For which point is the transformation linear? Suppose that the transformation T from $\mathbb R^{2}$ to $\mathbb R^{2}$ rotates 30 degrees counterclockwise about (5,5).  For which $(c,d)$ is the transformation $T(x-c,y-d)$ linear?
Solution (My attempt or Ideas)
I know linear transformations in $\mathbb R^{2}$ are represented as matrices.  So first, I attempt to find the rotation matrix that rotates space counterclockwise by 30 degrees about the point $(5,5)$.  
First,
I translate the origin to the point and get:= \begin{bmatrix}1&0&5\\ 0& 1&5\\0&0&1\end{bmatrix}
Then, now I rotate space counterclockwise by 30 degrees.
and get: \begin{bmatrix}\sqrt(3)/2&-1/2&0\\ 1/2& \sqrt(3)/2&0\\0&0&1\end{bmatrix}
Now, I translate back and get \begin{bmatrix}1&0&-5\\ 0& 1&-5\\0&0&1\end{bmatrix}
Multiplying all three matrices together, I get: (multiplying the first matrix I wrote* second matrix * third :\begin{bmatrix}\sqrt(3)/2&-1/2&1/2(15-5\sqrt(3))\\ 1/2& \sqrt(3)/2&1/2(5-5\sqrt(3))\\0&0&1\end{bmatrix}.
So now that I have this (hopefully this is correct), I'm not sure how exactly to proceed to find the (c,d) such that the transformation $T(x-c,y-d)$ is linear.
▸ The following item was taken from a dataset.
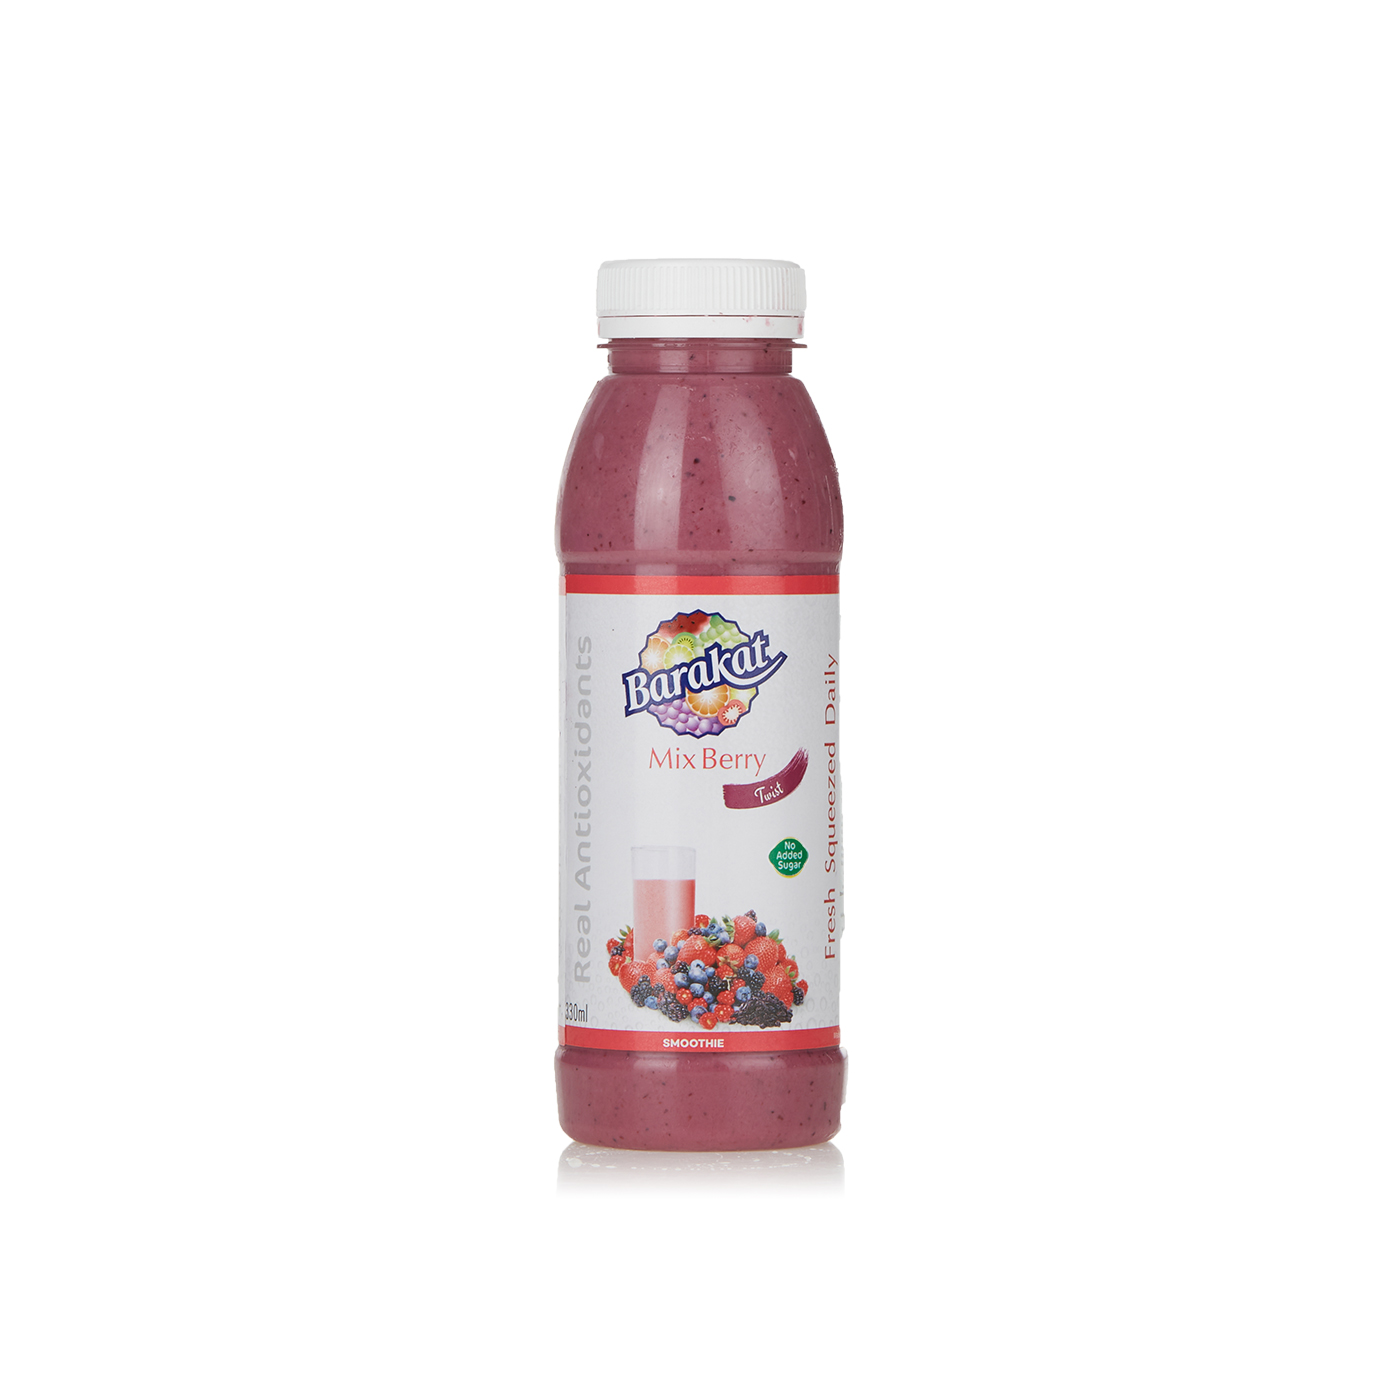 Barakat mix berry twist smoothie 330ml - Spinneys UAE

Should I use (does it have something to do with the properties) the properties of linear transformation, i.e.: 
$T(v_1+v_2)$=$T(v_1)$+$T(v_2)$ and $T(av)=aT(v)$?
Also, I'm slightly confused (my linear algebra is rusty), but I thought linear transformations from $\mathbb R^{2}$ to $\mathbb R^{2}$ should be represented as 2 x 2 matrices, but what I have above is a 3 x 3 matrix.  This makes me worried that I am thinking of the question incorrectly.
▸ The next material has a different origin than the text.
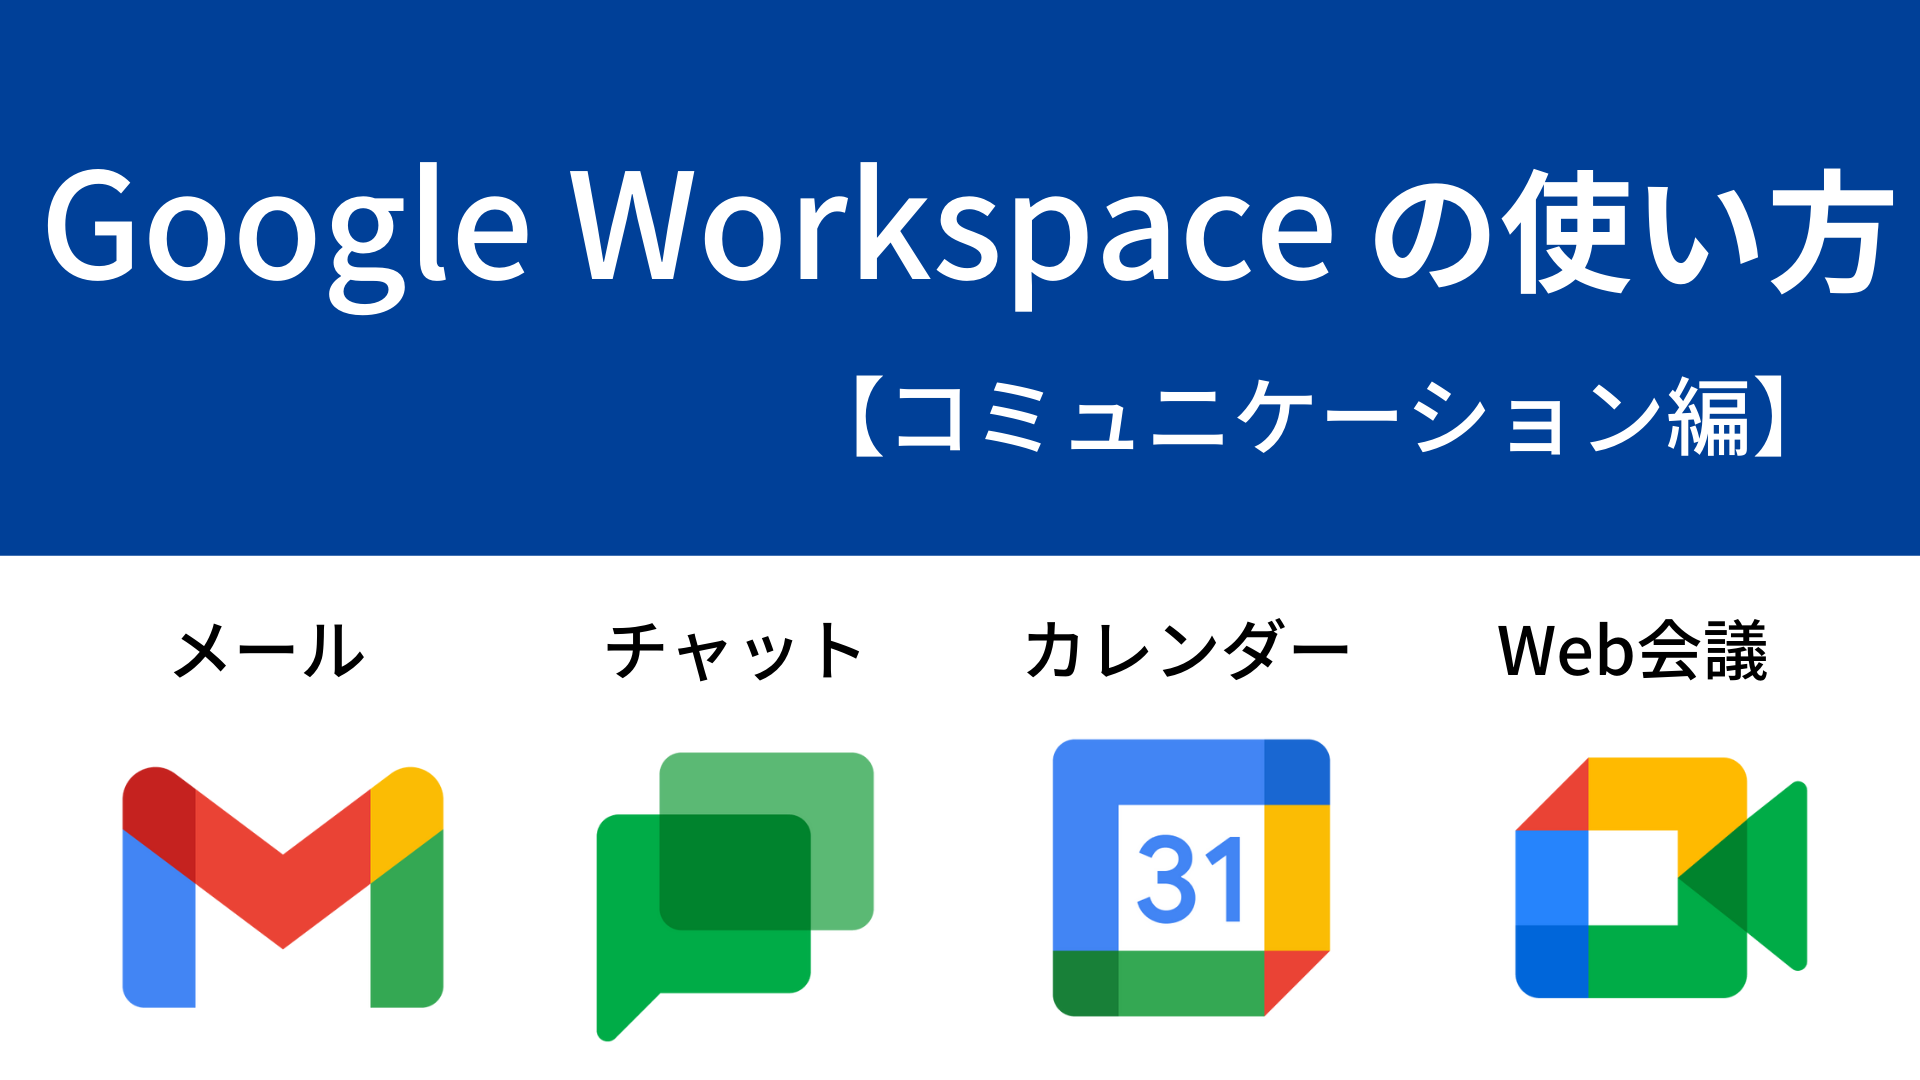 Google Workspace の使い方 ~コミュニケーション編~

Any help would be much appreciated. Thank you very much.
 A: What you have so far indeed does not work -- you have the immediate issue that transformations of $\mathbb{R}^2$ are represented as $2\times 2$ matrices, not $3\times 3$. Moreover, you can't represent the "shift" from $(0,0)$ to $(5,5)$ as a $2\times 2$ matrix -- any linear transformation will send $(0,0)$ to $(0,0)$.
Let's instead think of a function of two variables. We have the first translation function, which is $f(x,y)=(x-5,y-5)$.  This takes $(5,5)$ to $(0,0)$, where we know how to rotate it. The second is the rotation matrix. Normally we write it like this: $\frac{1}{2}\begin{pmatrix} \sqrt 3 & -1 \\ 1 & \sqrt 3\end{pmatrix}$ but it's easier to think of it as a function $A$: $A(x,y)=(\frac{\sqrt 3}{2} x-\frac{1}{2}y, \frac{1}{2}x+\frac{\sqrt 3}{2}y)$. Now we have the inverse function $f^{-1}(x,y)=(x+5,y+5)$, which moves everything back to $(5,5)$.
So we can compose all of these and understand $T=f^{-1}\circ A\circ f$. You can check if a function $\phi$ is a linear function by seeing if $\phi(u_1+v_1,u_2+v_2)=\phi(u_1,u_2)+\phi(v_1,v_2)$, and $\phi(ku_1,ku_2)=k\phi(u_1,u_2)$. One of the natural consequences of this is that $\phi(0,0)=0$. From here, you should be able to set up a system of equations for $c$ and $d$ to see which $c$ and $d$ satisfy these properties.
A: Ashwin's method is great for working out all the details, but I thought I'd mention a low-down sneaky short cut to the solution.
One thing we know about linear transformations is that they must map the origin to the origin, i.e. $$ (0,0) = T(0-c, 0-d) = T(-c,-d). $$ So you could just find the point that $T$ maps to $(0.0)$ -- say by geometric methods and a bit of trigonometry -- and then take its negative to find $c$ and $d$.
The big problem with this approach is that, while it tells you what the values of $c$ and $d$ must be for the map to be linear, it doesn't establish that $(x,y) \mapsto T(x-c, y-d)$ actually is linear. It looks like your question includes showing that the resulting "shifted $T$" map is linear so this method isn't enough, but you might want to see what result it gives just to check your longer computations against this answer.